According to Olson, who reports on his intellectual adventures for Sky and Telescope magazine, there has always been an argument about quite when and where this happened. Caesar himself had no Ordnance Survey map, had sketchy local knowledge, and of course expected a lot of resentment from the locals. But he described, in book four of the Gallic Wars, the white cliffs of Dover, and a detour to find a more level playing field for the grim game ahead.
He did not give a precise date ("only a small part of the summer was left") but he was particular about the time he saw the hostile cliffs ("about the fourth hour of the day"), about how long he waited ("until the ninth hour"), and the distance he had to go ("about seven miles"). He also mentions, a bit later on, that on his fourth day in Britain as an illegal immigrant the cavalry reinforcements from Gaul were delayed by a storm, a full moon and an unusually high tide.
Such clues were enough to give scholars a crack at dating the invasion.

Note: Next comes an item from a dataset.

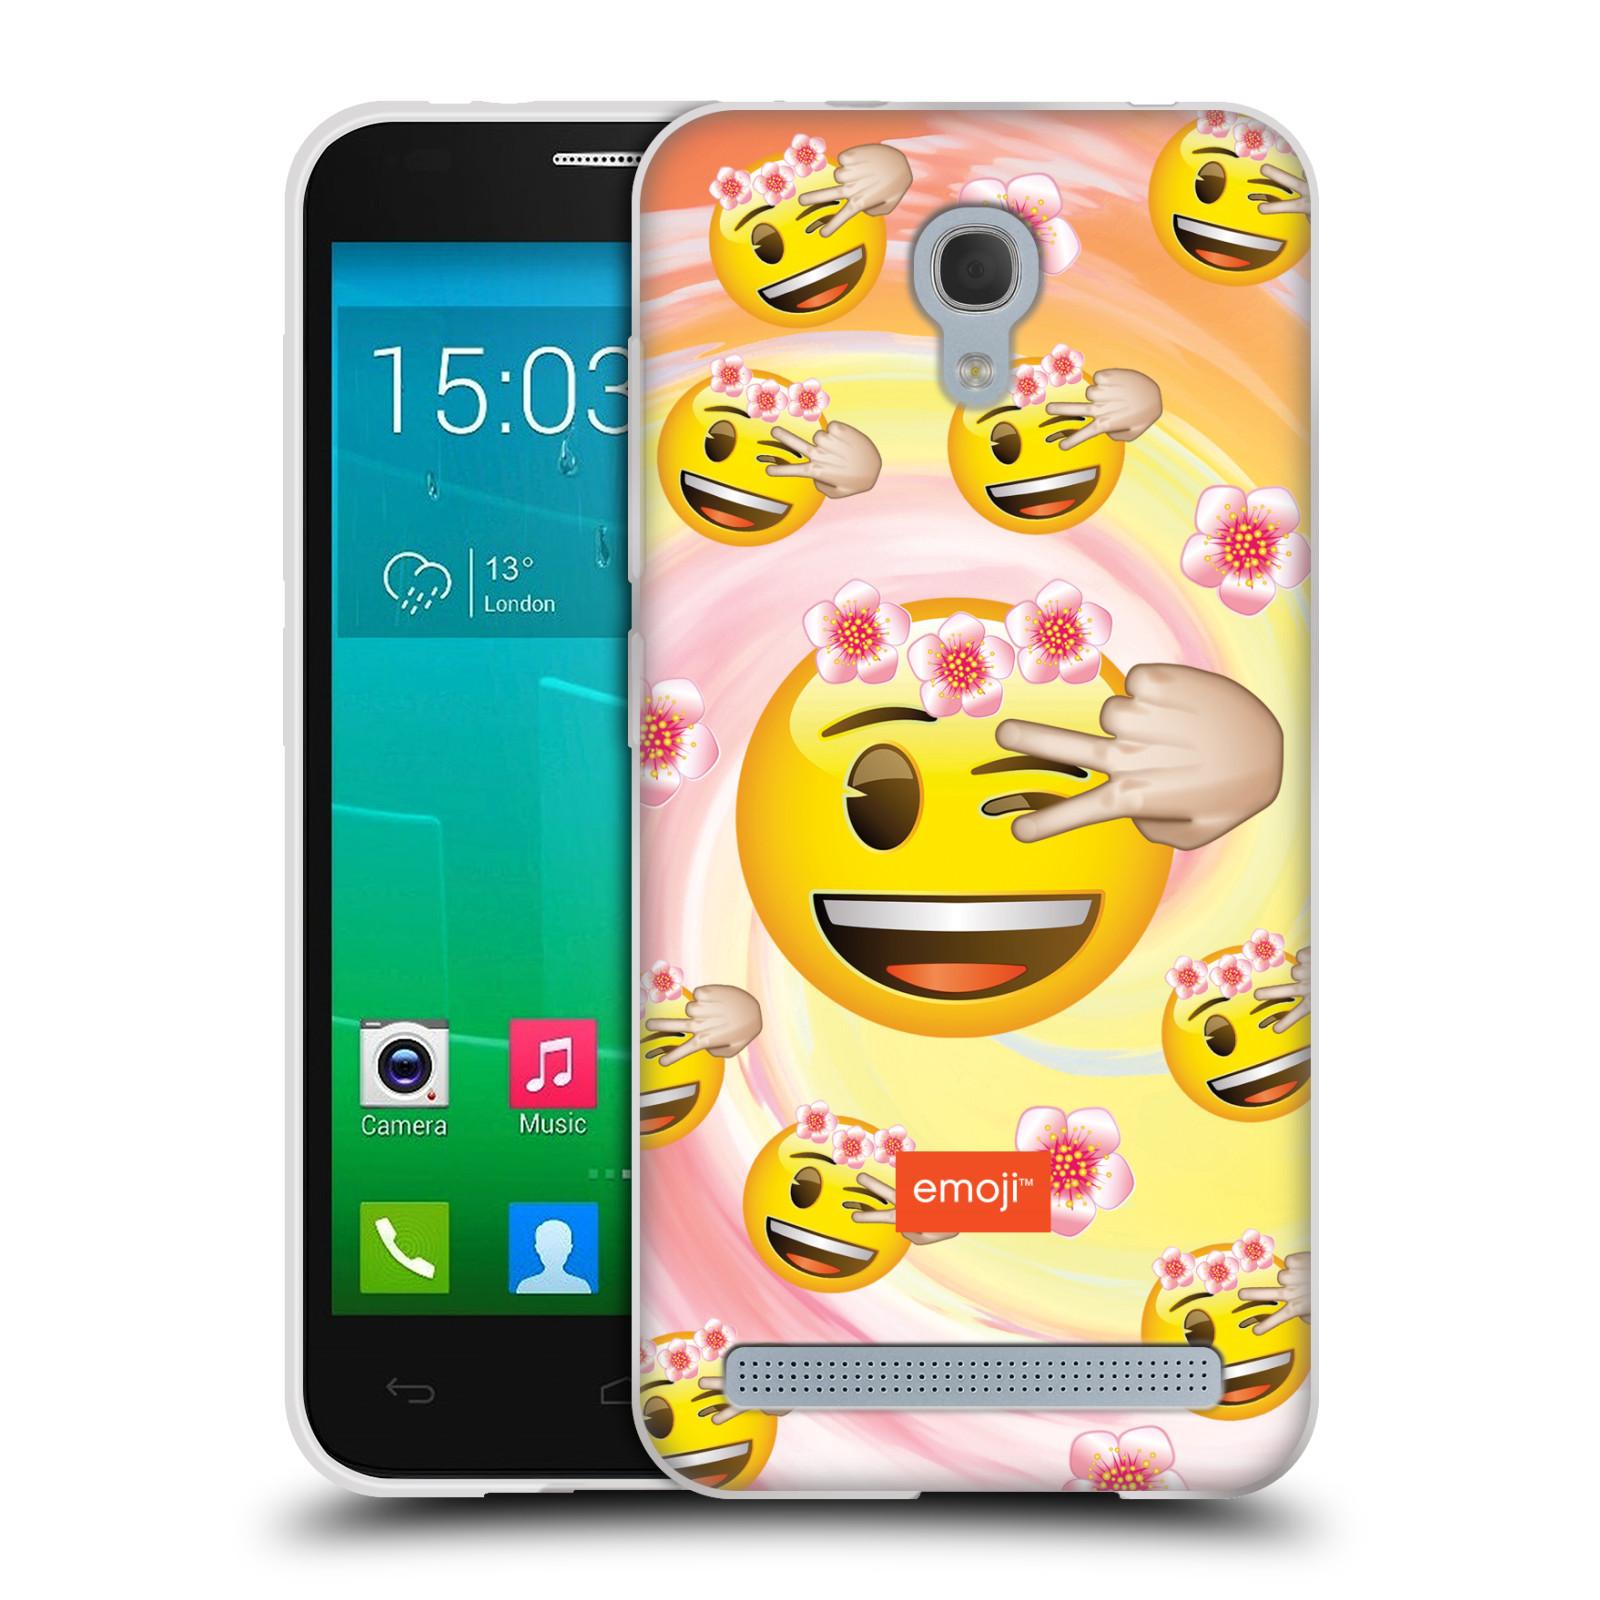 Silikonové pouzdro na mobil Alcatel One Touch Idol 2 Mini S 6036Y HEAD CASE EMOJI - Mrkající smajlíci a kytičky (Silikonový kryt či obal s oficiálním motivem EMOJI na mobilní telefon Alcatel Idol 2 Mini S OT-6036Y)

Just as astronomers can predict future full moons, so they can confidently time them far in the past. So, they calculated, Caesar saw Dover but turned north-east and sailed around the South Foreland and landed at either Walmer or Deal on August 26 or 27. Latin scholars might have been happy with this conclusion, but hydrographers and astronomers were not; they calculated that the tides would be running the wrong way at the ninth hour of those days and take Caesar to the south-west.
So the team from Texas made the Julian date with destiny their summer assignment. They read all the texts, checked the tidal patterns, turned up in Dover in August 2007 just when the equinox and lunar cycle coincided to replicate the tidal conditions that Caesar reported, and figured that the problem could be sorted by assuming an easily-made clerical error by someone who copied the original manuscript. If so, time and tide would have been just right for a landing at Deal on August 22 or 23. Case closed - possibly.
This is arcane science applied to ancient history, and it makes both subjects lively. To get a more complete picture of the problem, Olson and his colleagues and students had to read Dio Cassius, and study Valerius Maximus, a chronicler from the first century AD. They had to consult classicists and archaeologists, match the Julian and Gregorian calendars, examine the verdicts of Victorian astronomers and naval hydrographers and use global positioning satellites to measure their own progress around the Channel coast."